Wie lange wird es dauern, bis man mich vergißt, mich und Luet und Vater und Mutter und uns alle?
Dann lachte er über seine Eitelkeit, den Menschen die Mühe aufzwingen zu wollen, Lesen und Schreiben zu lernen, damit sie sich daran erinnern konnten, daß er einmal gelebt hatte. In zehn Generationen würde das nicht mehr die geringste Rolle spielen.
Am Anfang des sechsten Jahres hatte er diesen Traum. Er sah einen Mann, der eine gewaltige Nation von Engeln und Menschen führte, während sich auf beiden Seiten eines großen Flusses Bauernhöfe ausdehnten, Kilometer um Kilometer, so weit das Auge sehen konnte. Hier und dort flogen Engel, und Ziegen und Hunde zogen Karren und Schlitten über die Straßen. Schiffe fuhren den Fluß hinauf und hinab, manche mit Wühlern, manche mit Engeln als Besatzung. Und hier und da hielten Wachen in Türmen, die sich hoch über die größten Bäume hoben, den Umkreis unter Beobachtung, damit sich kein Feind unbemerkt nähern konnte.

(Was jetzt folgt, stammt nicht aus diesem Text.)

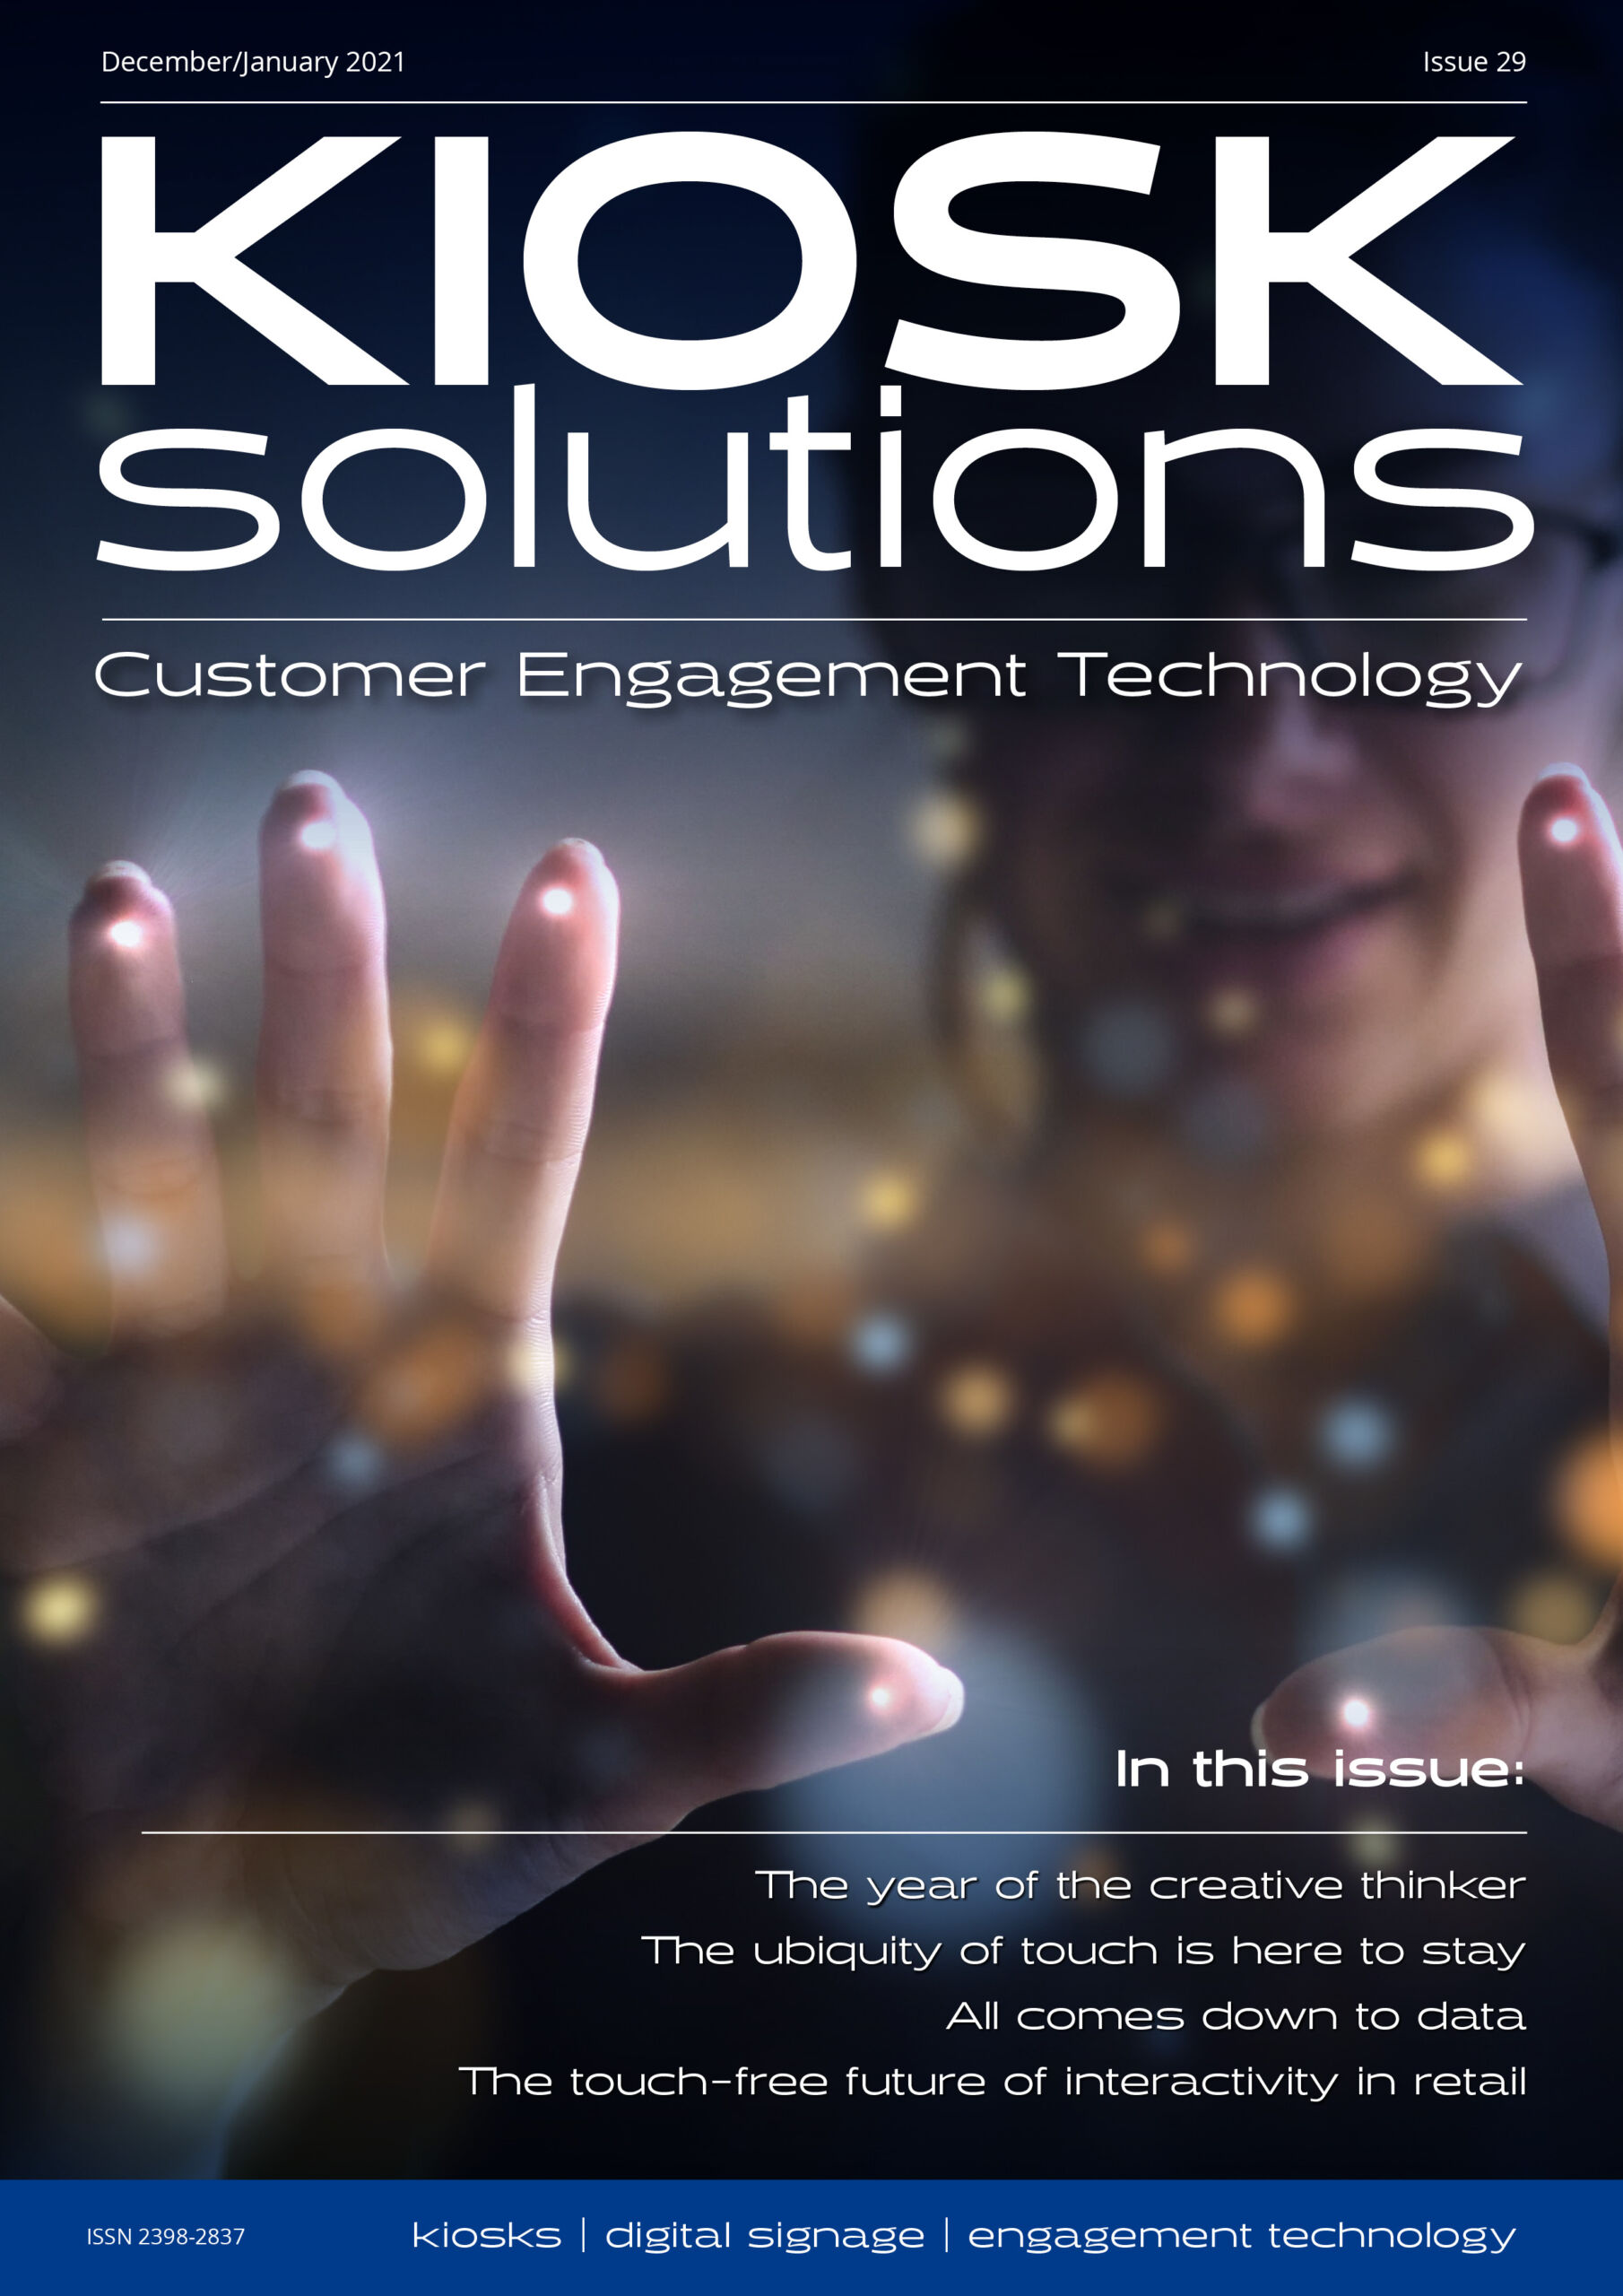 Kiosk Solutions Magazine - Dec-Jan 21 Issue

Der Mann, der diese große Nation führte, war müde und verängstigt. Feinde bedrängten sie von allen Seiten, und innerhalb der Nation drohten Splittergruppen, die Struktur der Gemeinde zu zerreißen. Städte, die einst unabhängig gewesen waren, vergaßen, daß sie zu jener Zeit auch Hunger gelitten hatten. Menschen, deren Vorfahren einst Herrscher gewesen waren, vergaßen, daß diese Vorfahren auch von Feinden getötet worden waren und ihr Volk nur überlebt hatte, weil es unter den Schutz dieser großen Nation getreten war. Menschen, die nach Reichtum gierten, verschafften ihn sich auf jede nur erdenkliche Weise, schmiedeten Ränke und betrogen, schüchterten andere ein und töten manchmal auch, um Rivalen aus dem Weg zu räumen. Es war ein wunderschönes Land; aber der Kampf, dieses Land zu bewahren, schien von Jahr zu Jahr schwerer zu werden, und der Mann verzweifelte.